“No, excellency.”
“You had better not,” growled the sentry. “Pass on and don’t let me catch you prowling around here any more of nights. I have orders to shoot anybody whose looks I don’t like.”
“Yes, excellency, I will remember,” said the seeming peasant, and slunk away in the direction of the town.
CHAPTER XIII
“TO BE SHOT AT SUNRISE!”
The streets of the town were unlighted, but several houses on the public square showed illumination through lowered window shades. There were no citizens to be seen, and very few soldiers about. In front of the Hotel de Ville (townhall) a sentry paced restlessly to and fro on duty, with a musket laid across his arm. He took no notice of the dirty peasant stalking past.

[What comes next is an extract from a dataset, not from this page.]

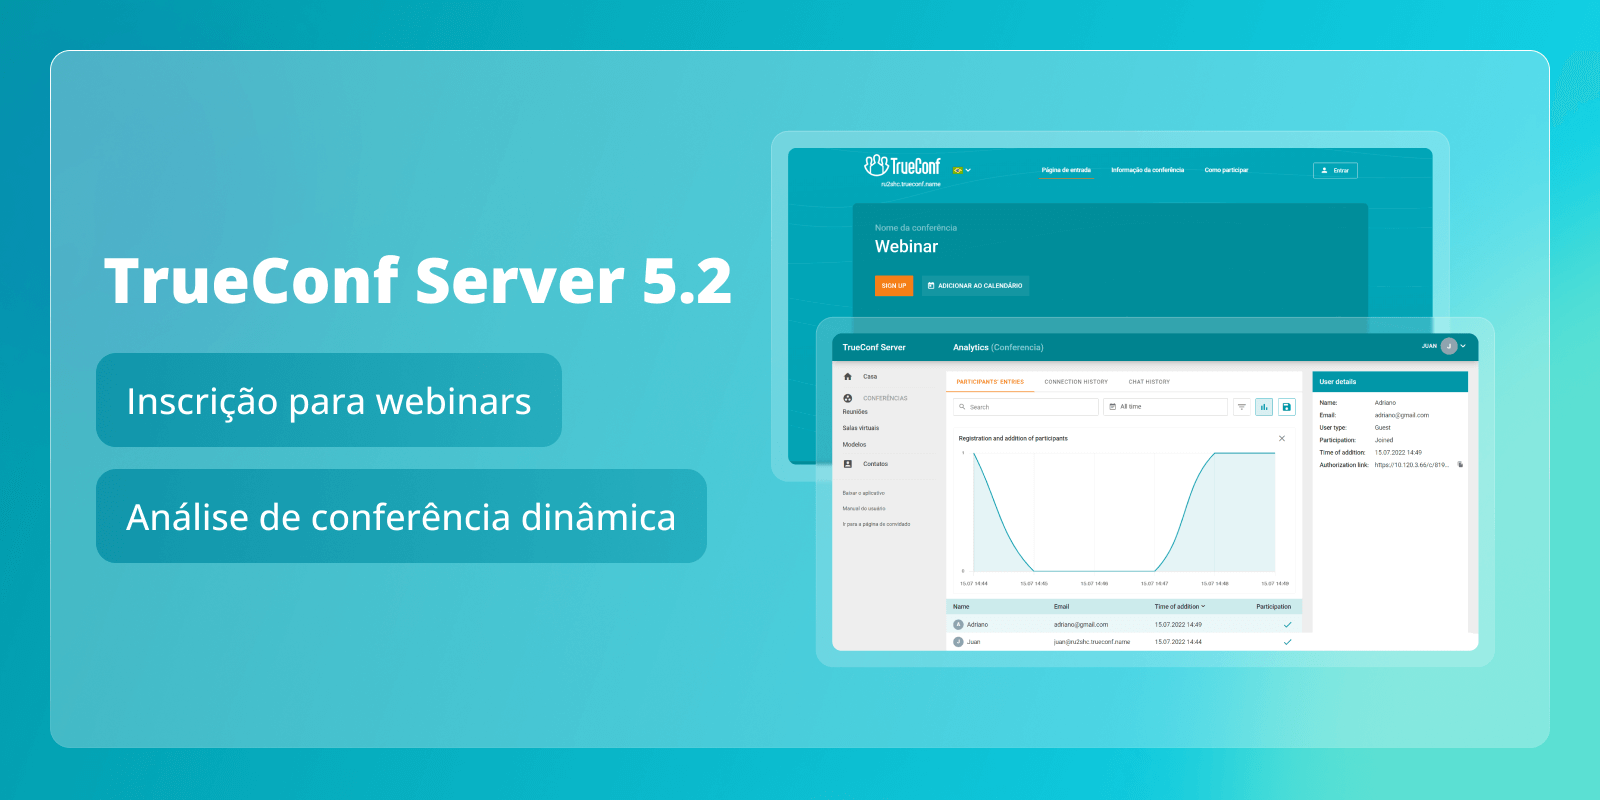 TrueConf Server 5.2: registro para webinars e análises dinâmicas de conferência 6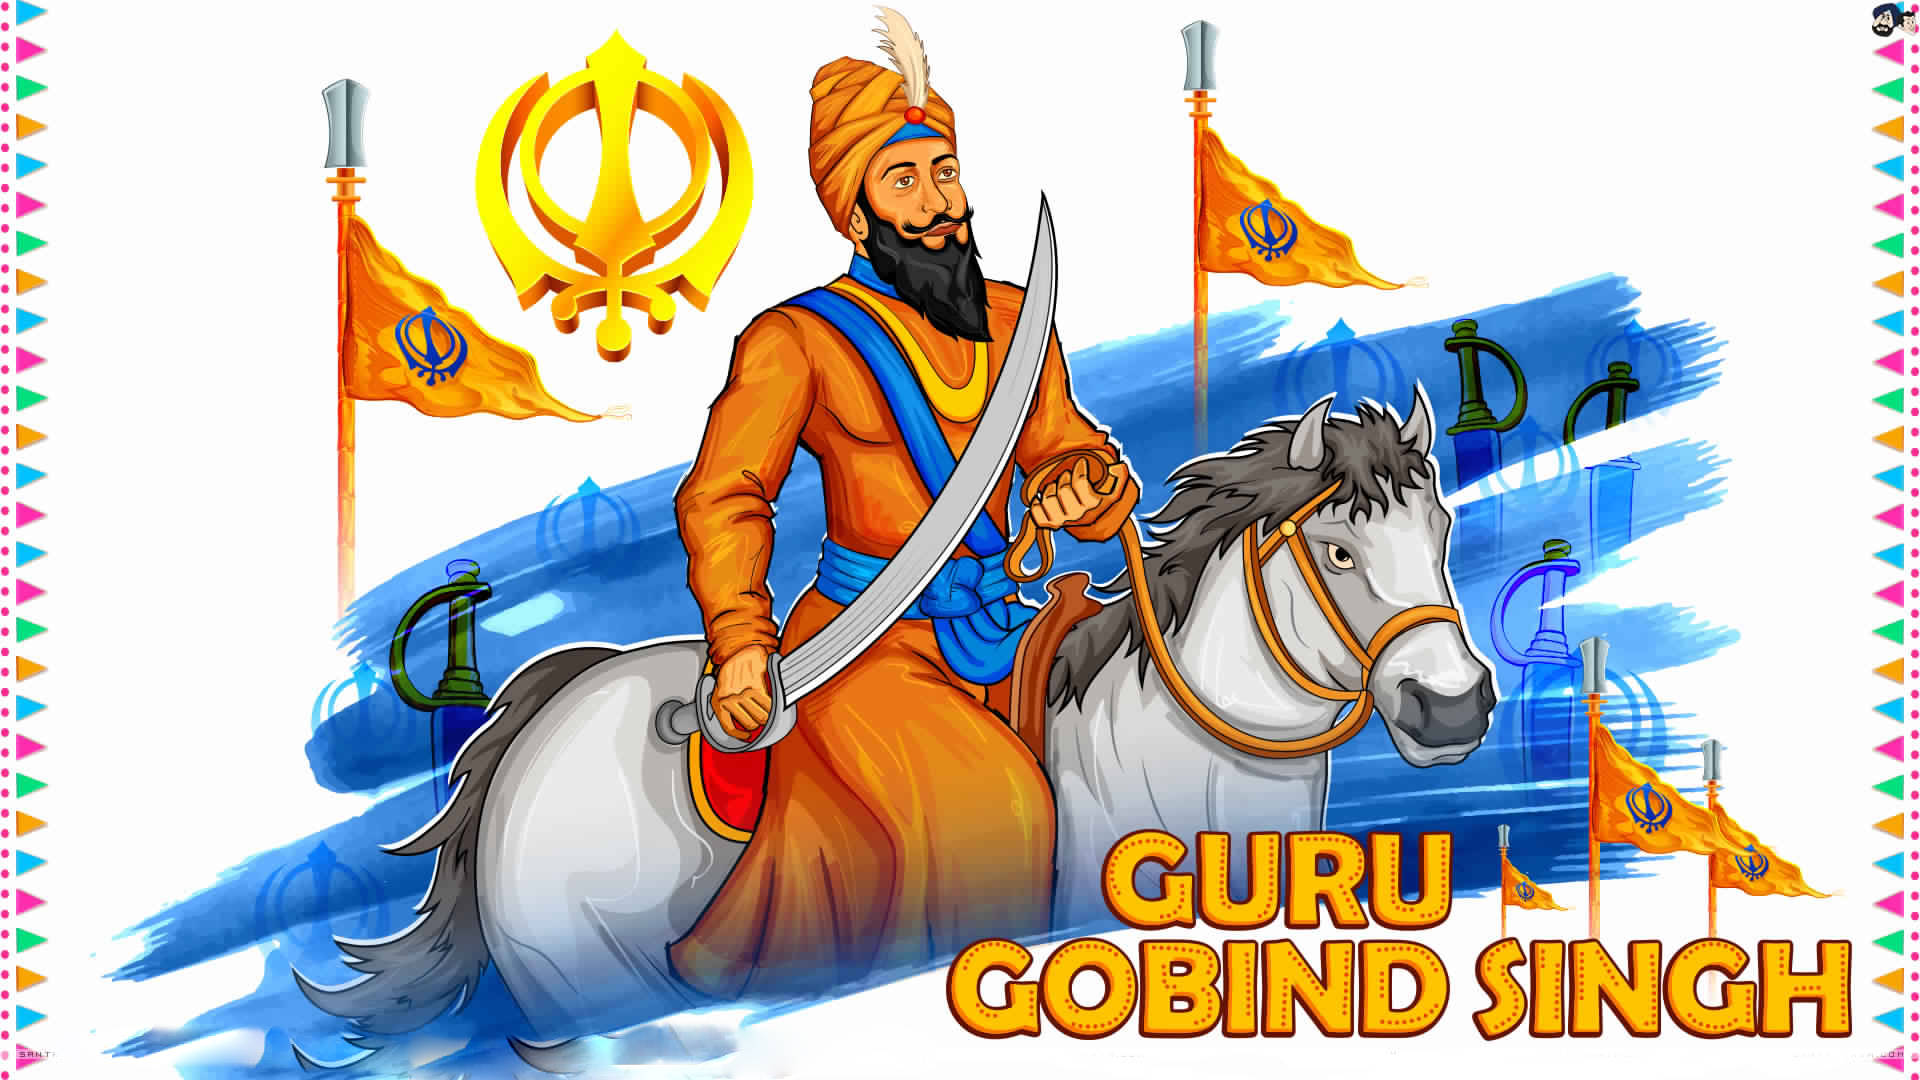 Guru Gobind Singh Ji ridder på en hest Wallpaper

Buck made it his first business to locate the civic prison where he knew that Bob would be confined. This he found not far from the main thoroughfare of the town, a massive, square, gray-stone building, with iron doors and many little grated windows high up on the walls. A sentry-box beside the door was occupied, so Buck spent no time loitering around there. He made his way back to the public square in search of an inn where he might sit down, and while eating inquire casually about news in general and the trials of war prisoners in particular. He felt pretty sure that the down-trodden Belgians present were sullen and discontented under the iron German rule, and would be willing to discuss almost any topic relative to the oppressions.
The first tavern to which Buck came was large and pretentious; evidently the main hostelry of the city. Even at this late hour people were passing in and out of the big entrance. The disguised boy noted, however, that many of these guests were German officers, and rightly guessed that this being the chief inn of the city, it would be most largely patronized by the conquerors, so he passed on in search of some less popular place.
A little farther on down the street he came upon a smaller, more dingy-looking public house, with apparently less revelry going on inside. Buck determined to take a chance here, and, pulling his disreputable cap lower over his eyes, pulled open the door and slouched in.
He found himself in a small, low-ceilinged room, the walls and oaken rafters of which were dirty and smoked black by the huge open fireplace at one end. Rickety little wooden tables stood here and there, none too clean nor inviting. A doorway at the far end of the room led out into the kitchens, from which a vile odor of cabbage and onions penetrated.